A conspicuous glowfish in a black sea.

The spectacular mishap warped DNA, altered
his young still-in-progress unfinished rough draft
composition to reflect a negative force field,
molecular science gone wrong; a front-and-backstabbing
gravitationally prone side effect that drew all manner
of needles flying. Puncturing vibrant skin. Jabbing, lancing,
riddling sensitive flesh, a reclusive spirit full of
steel and lead. He took it standing, unflinching and brave.
A trouper. A genuine tin soldier.

Though in truth he had no choice, for it happened
without consent.
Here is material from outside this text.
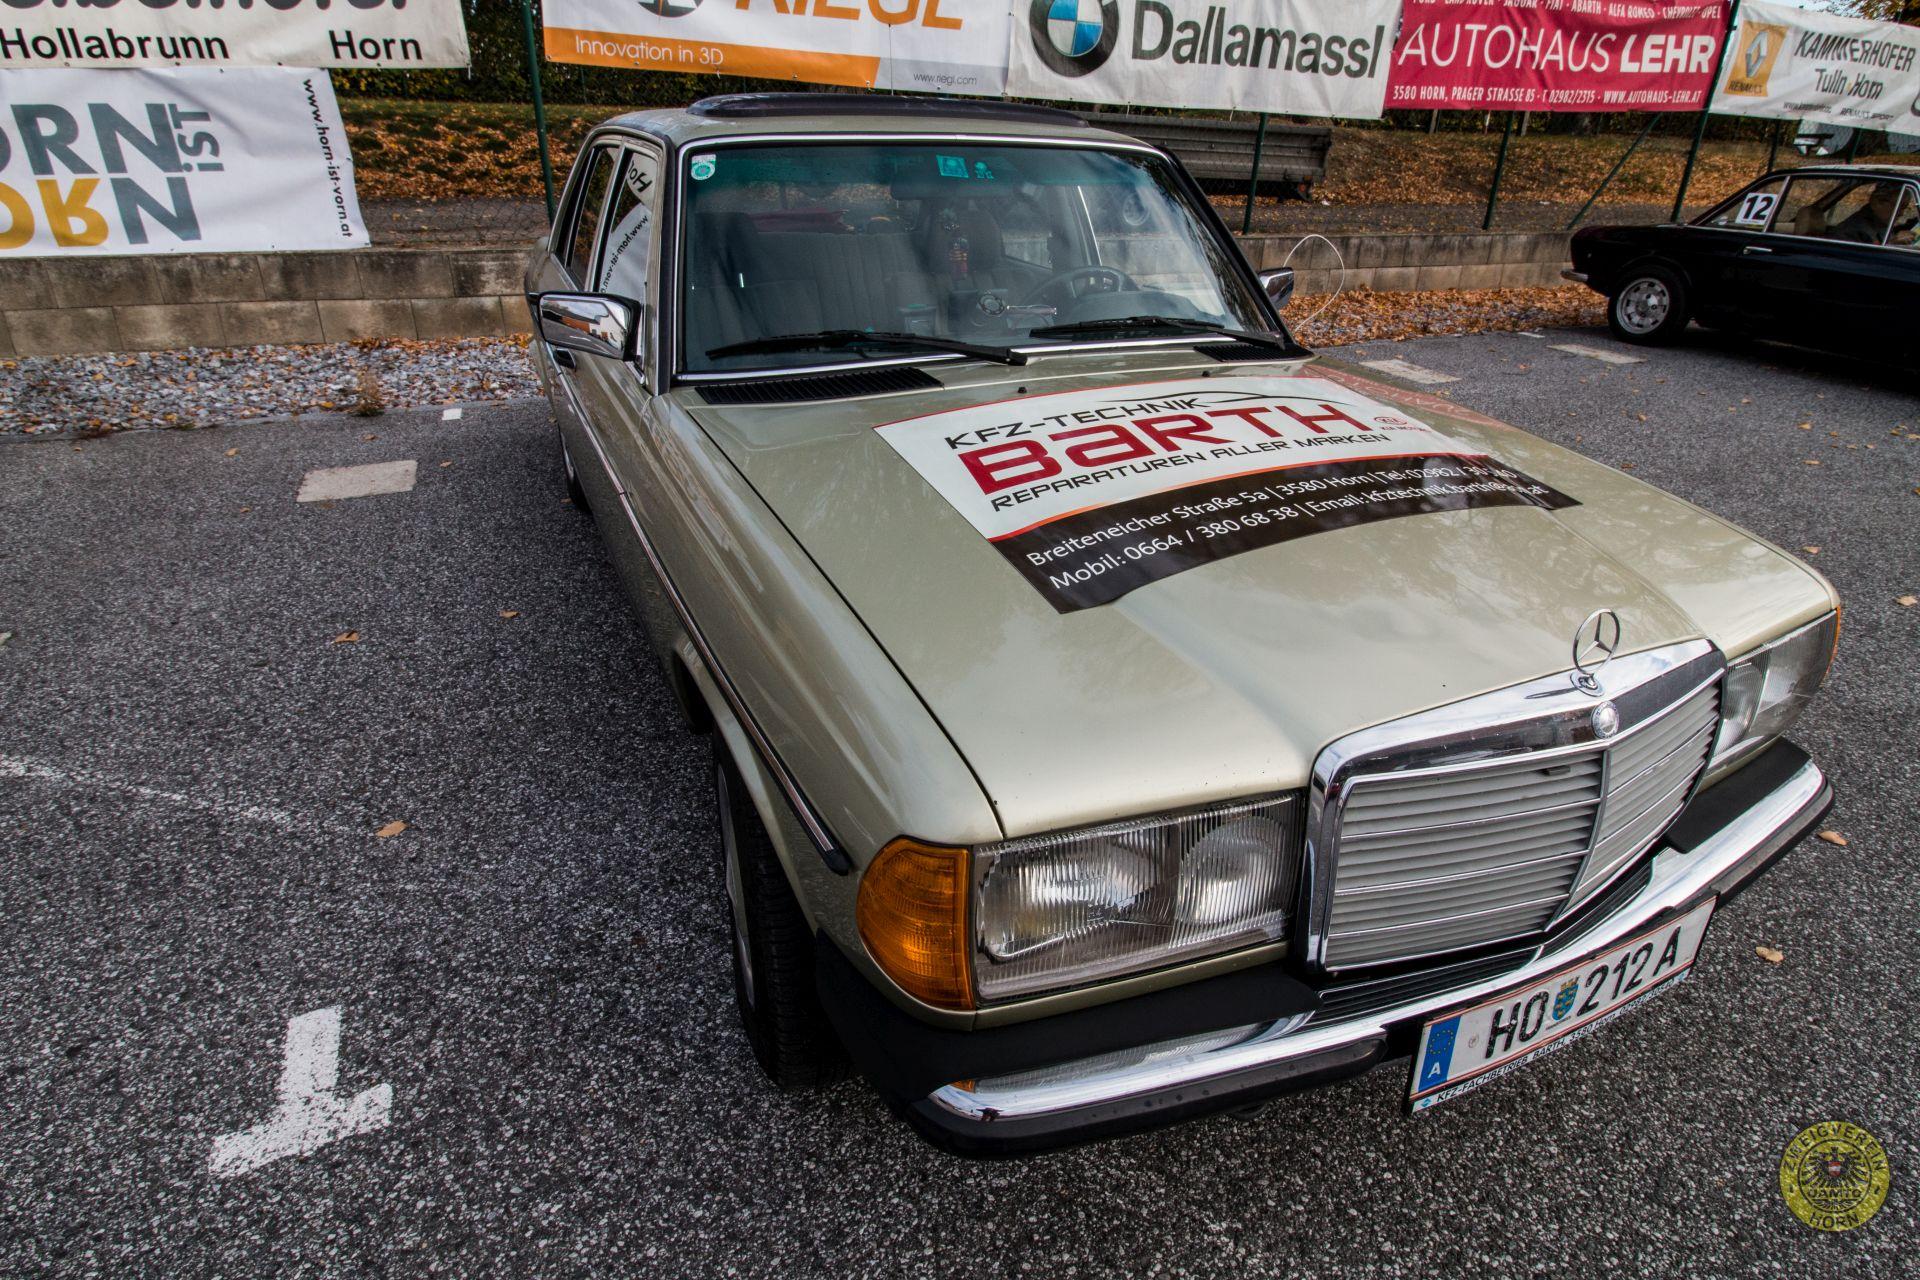 Fotogalerie Amtc Zweigverein Horn Mercedes Benz 00 1 20171014 085843 Img 4996 085910 4997 085927 4998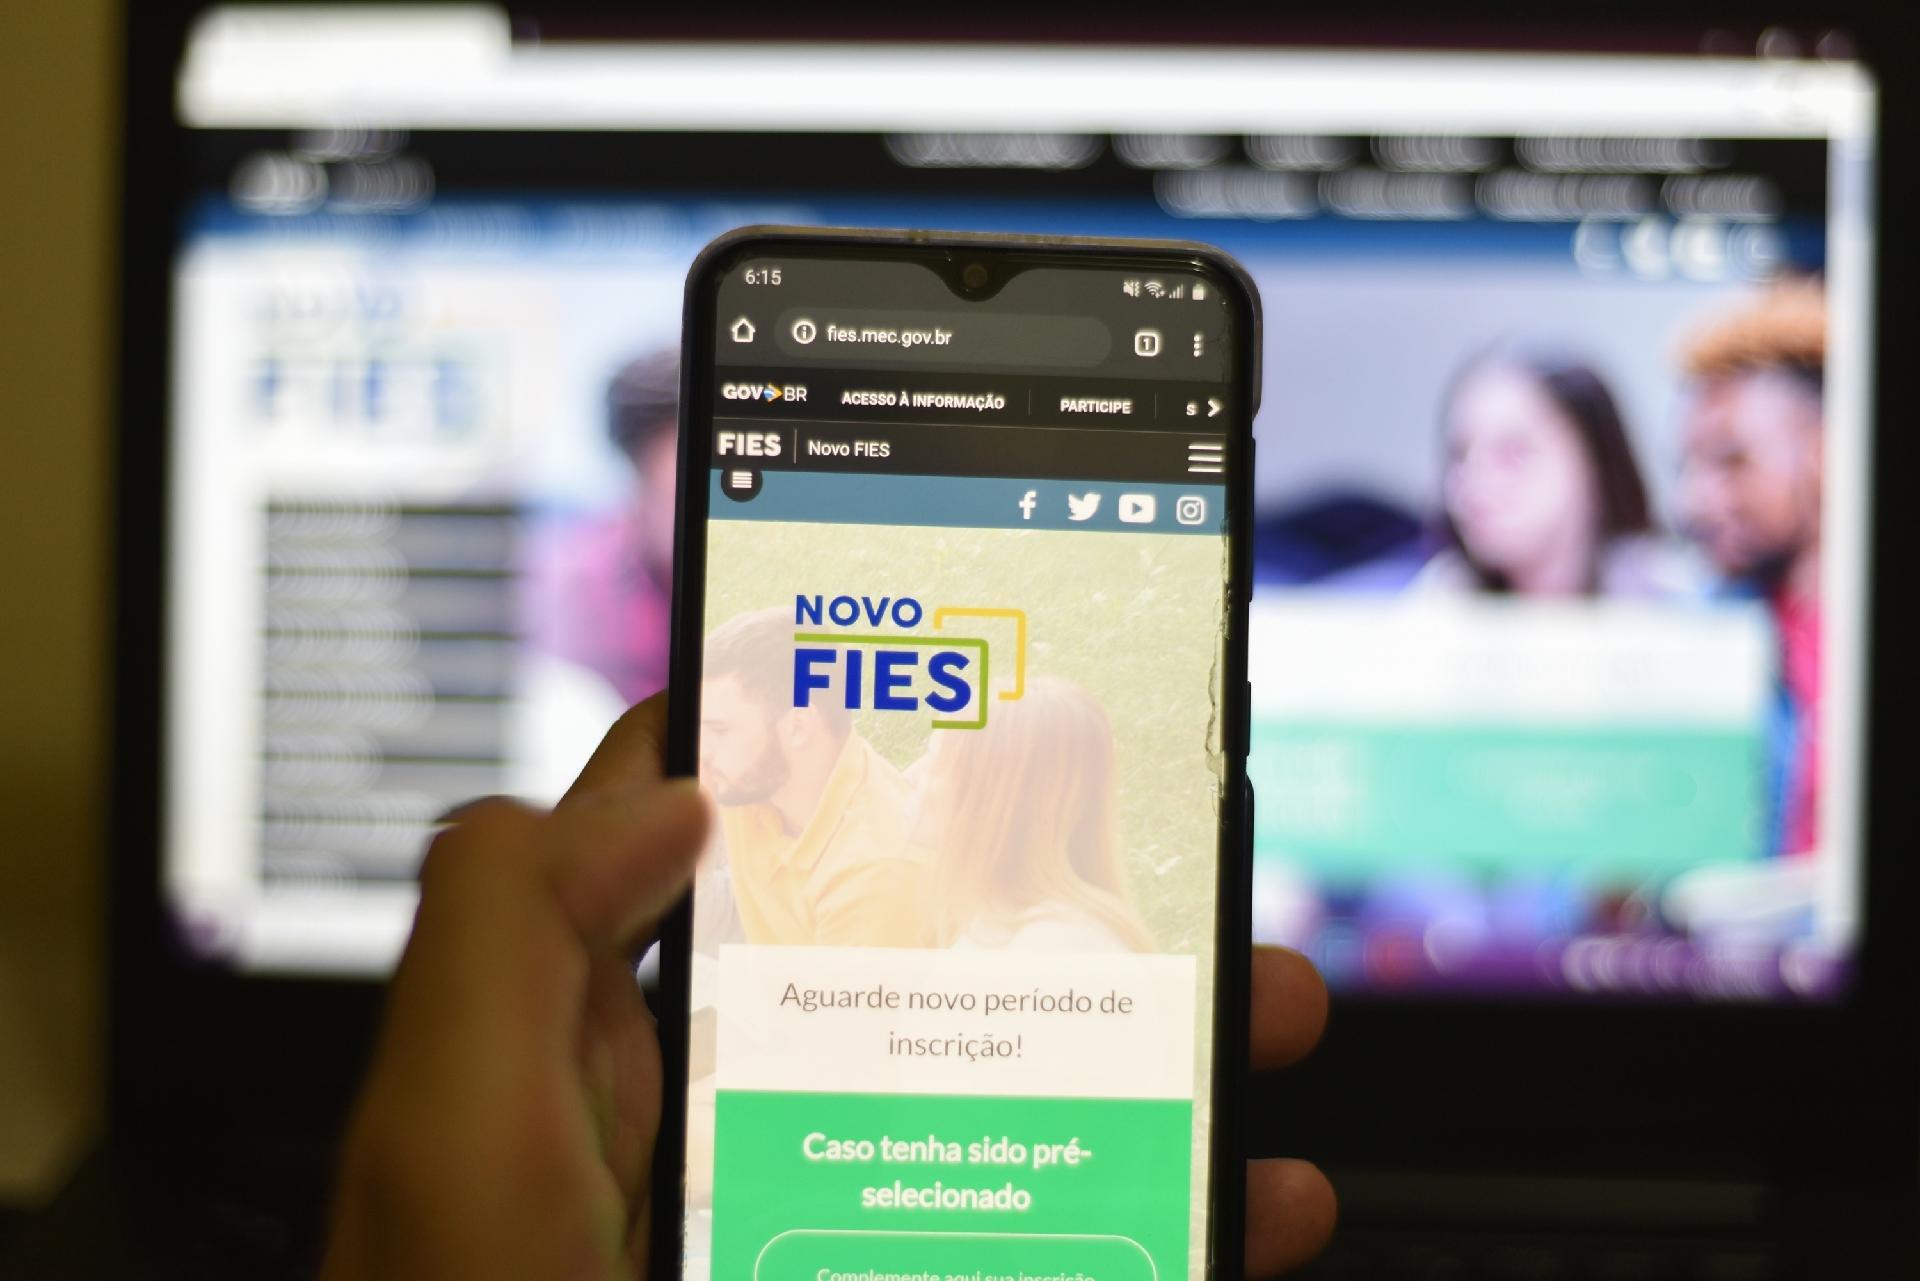 Governo aumenta prazo para renovação dos contratos do FIES: veja mais!

A battery. A profusion. A blitzkrieg.
Waves of tines and daggers. Arrows, spikes and bolts.
Barrages of alloys. By storm or piecemeal, in firing-squad
knife-throwing fusillades, piercing his body like a pincushion
of biomagnetic need. Call it compulsion, a fever-pitch
demand, a peculiar taste for sharp things, and they for him...
a walking bed of nails, prickly with disarray.

Pin felt nothing on good days, numb as a post.

Yet on the worst, the mutant enigma suffered each blow,
residing in torment. A weirdo destined for agony or apathy,
aloof, set apart, traveling the fringes of civilization.
A life of exile, in caves, away from manmade glitter.
Extracting what bling may still zero in, bandaging his
wounds. Never quite remote enough to feel safe except
in the nethermost internal, subliminal, winding reaches —
the tunnels where his pull was muted, less direct.

Pincushion Jones! whispered those who crossed
his path, sacrificing tools and utensils, untold blades.
Shunned and revered like a circus freak, a human porcupine
or hedgehog, quilled and barbed, the man wept without
restraint, unashamed, alone in his misery. Friends,
brief companions must surely die.

No defense from hurling instruments of doom.
A hail of loose shrapnel.
A stray bullet. A volley of airborne prongs.

Even head to toe plated, enclosed, concealed
in a protective suit. No measure could guarantee a shard,
a sliver, a pick or stiletto would never penetrate an eye,
the brain, so he kept to himself out of concern for others...
Until a female took pity and refused to let go, presenting
a harness to curb his power. The scientist expired as
the tin man expected. Aura intact, Pincushion mourned her.
Hating the Furies, cursing the Fates, praying a sword might
impale his scar-tissue heart.

The wish was granted.

In a sudden tempest, a lightning rod sailed straight
to gore the grieving chest — unguarded, vulnerable to
attack. A blue streak of electricity descended from clouds
through gray sheets of rain, touching the tip of the
jutting pole, burning Pin to ashes, merciful rust that wafted,
a reminder of the beautiful haze to paint the sky with
Renaissance skill on the day a World War ended.
Whichever it was. They lost track. Too many to count.